Strip out the pictures and output each remaining line of the data word for word.

● Provided data:
Segment Open

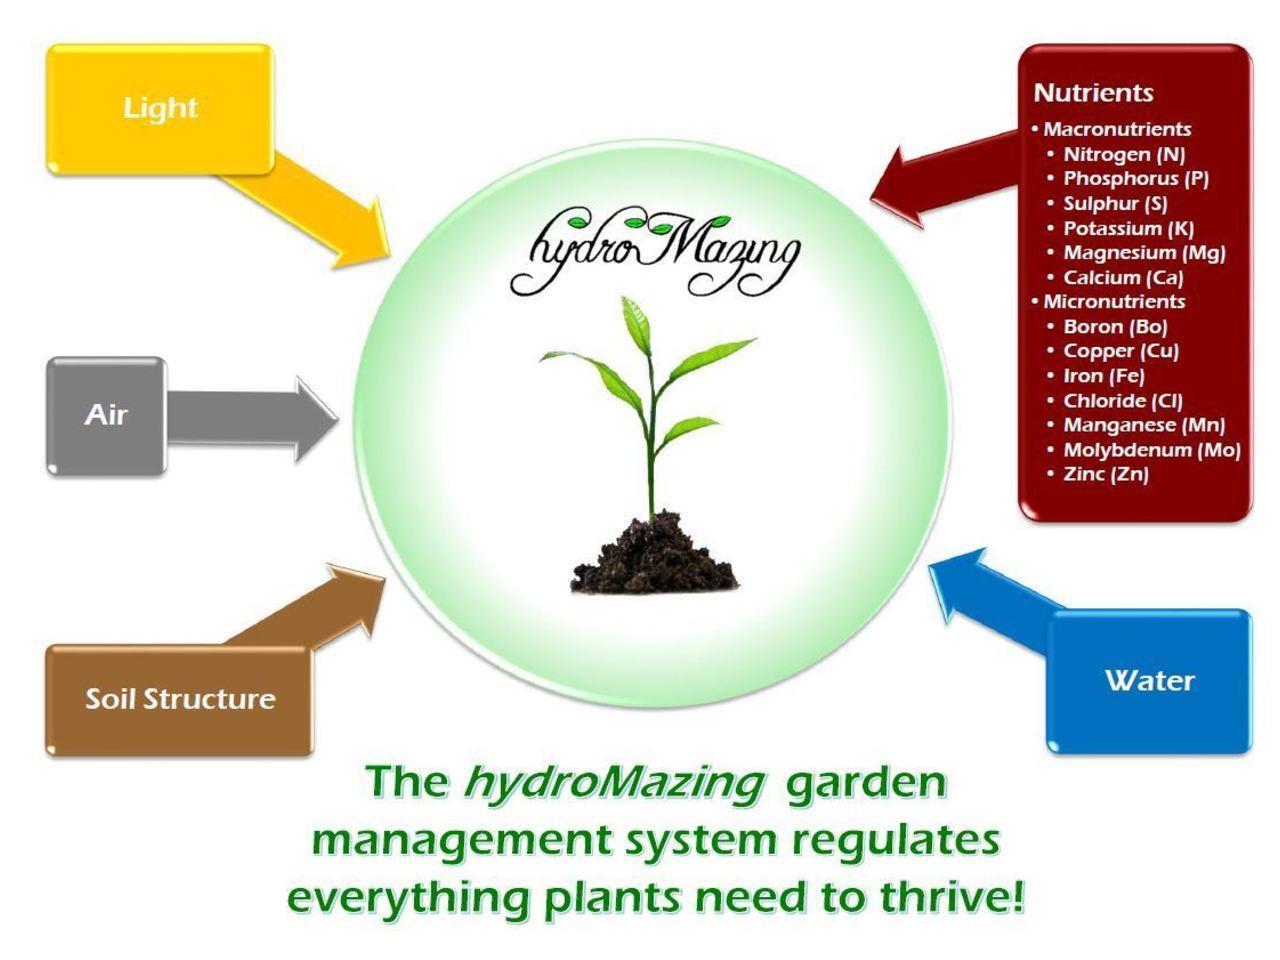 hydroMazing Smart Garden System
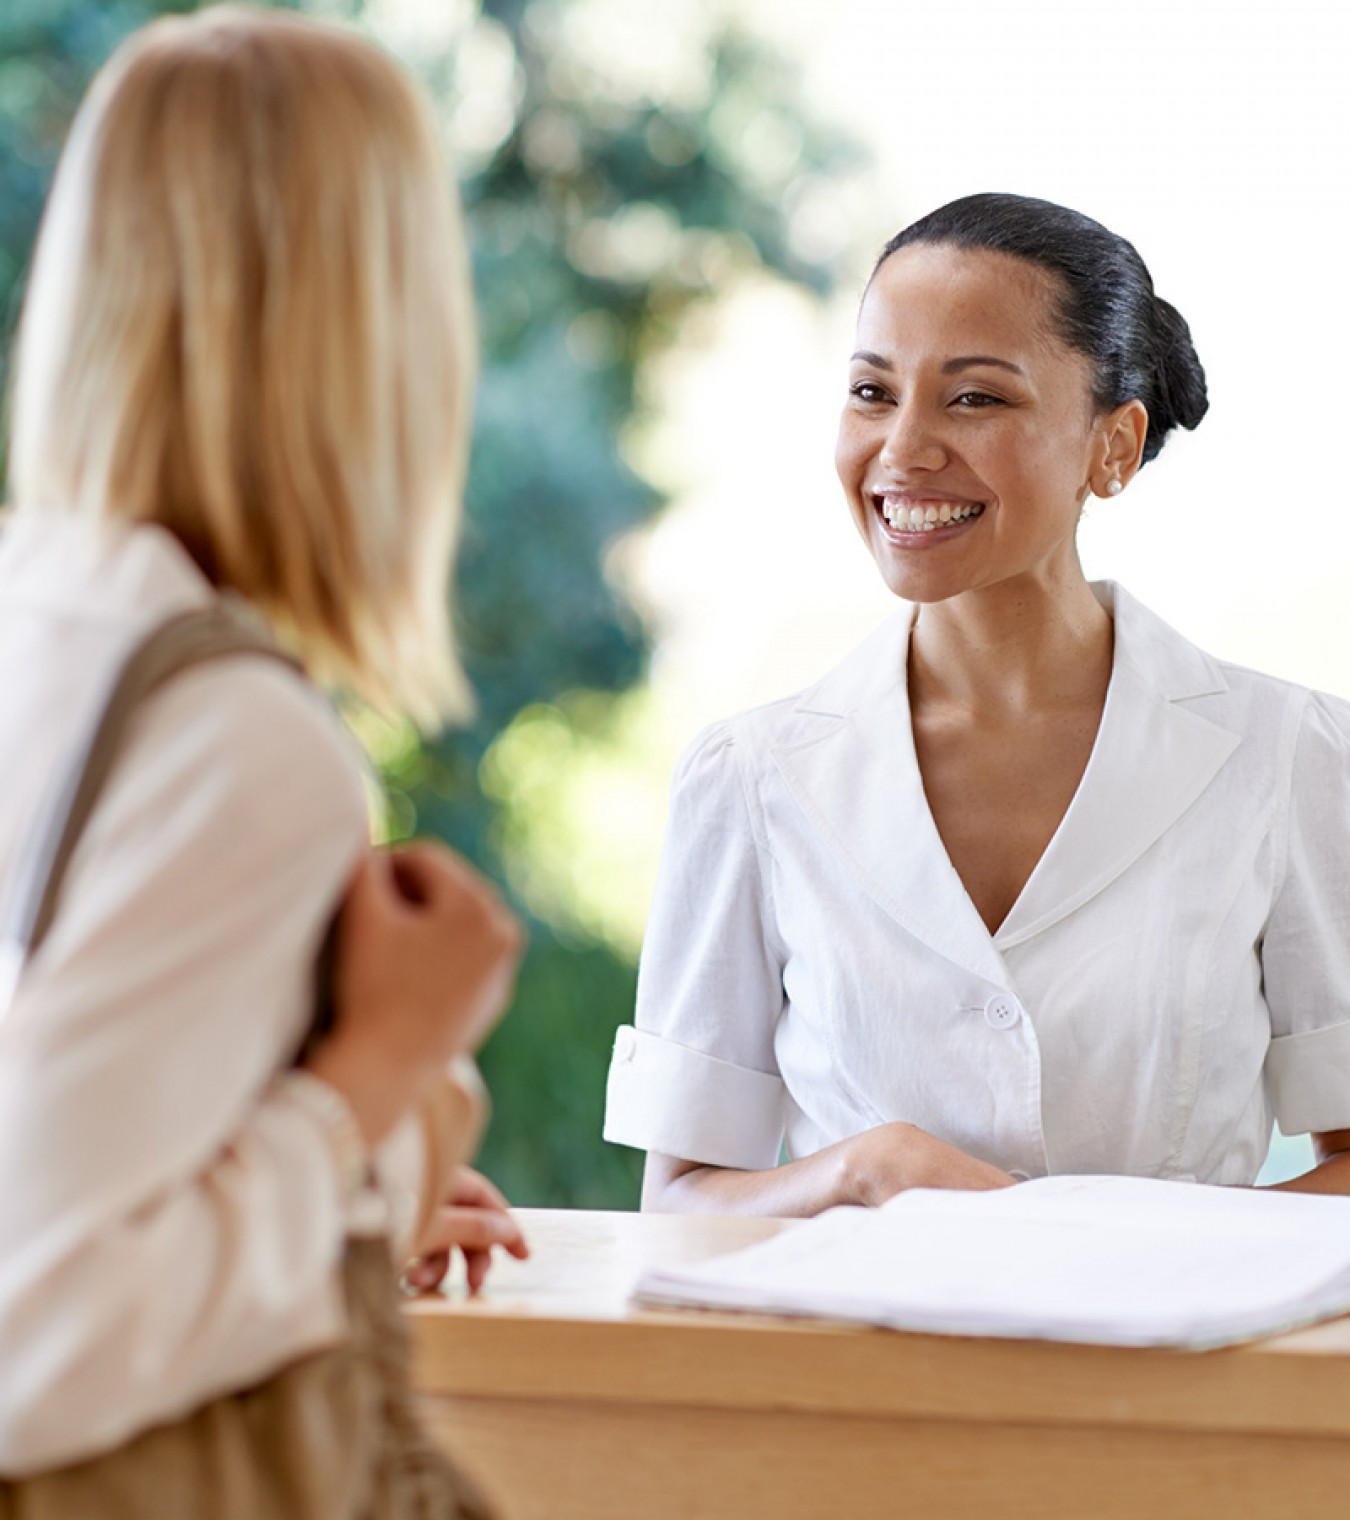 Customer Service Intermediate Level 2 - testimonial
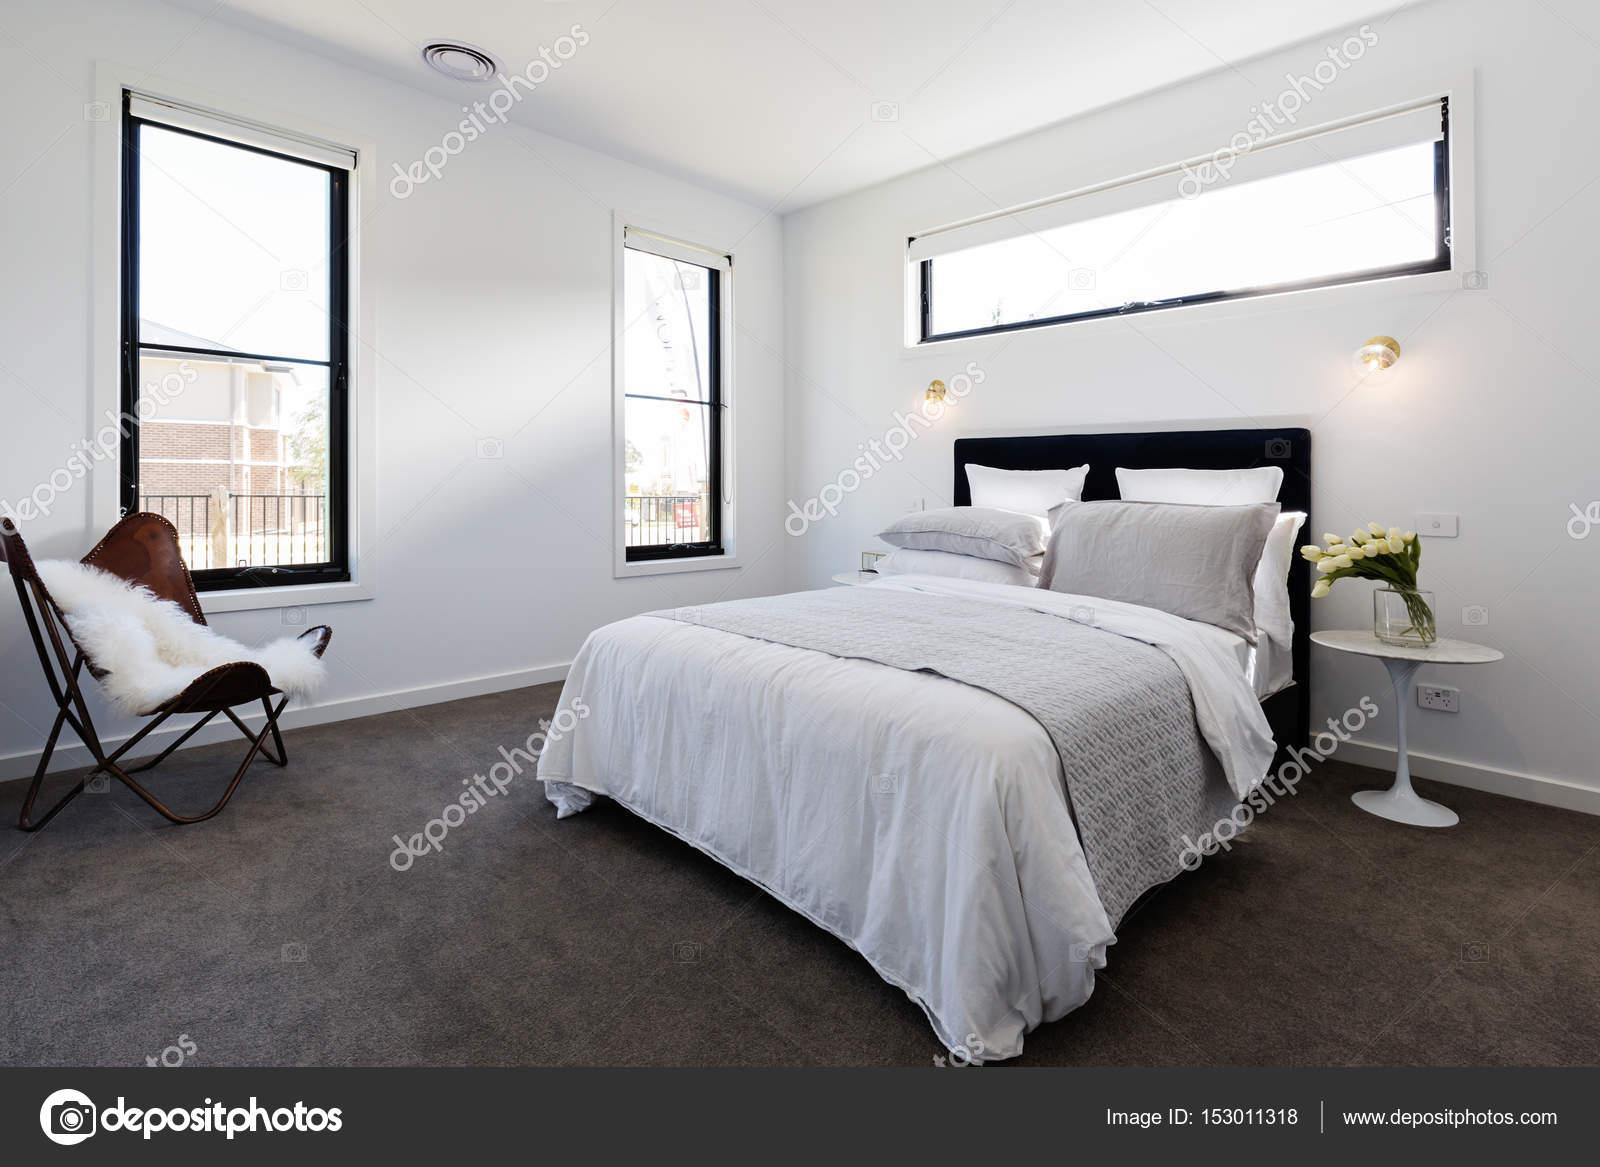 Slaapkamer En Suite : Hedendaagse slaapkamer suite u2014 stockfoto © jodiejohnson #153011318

Segment Closed

● The answer:
 hydroMazing Smart Garden System
 Customer Service Intermediate Level 2 - testimonial
 Slaapkamer En Suite : Hedendaagse slaapkamer suite u2014 stockfoto © jodiejohnson #153011318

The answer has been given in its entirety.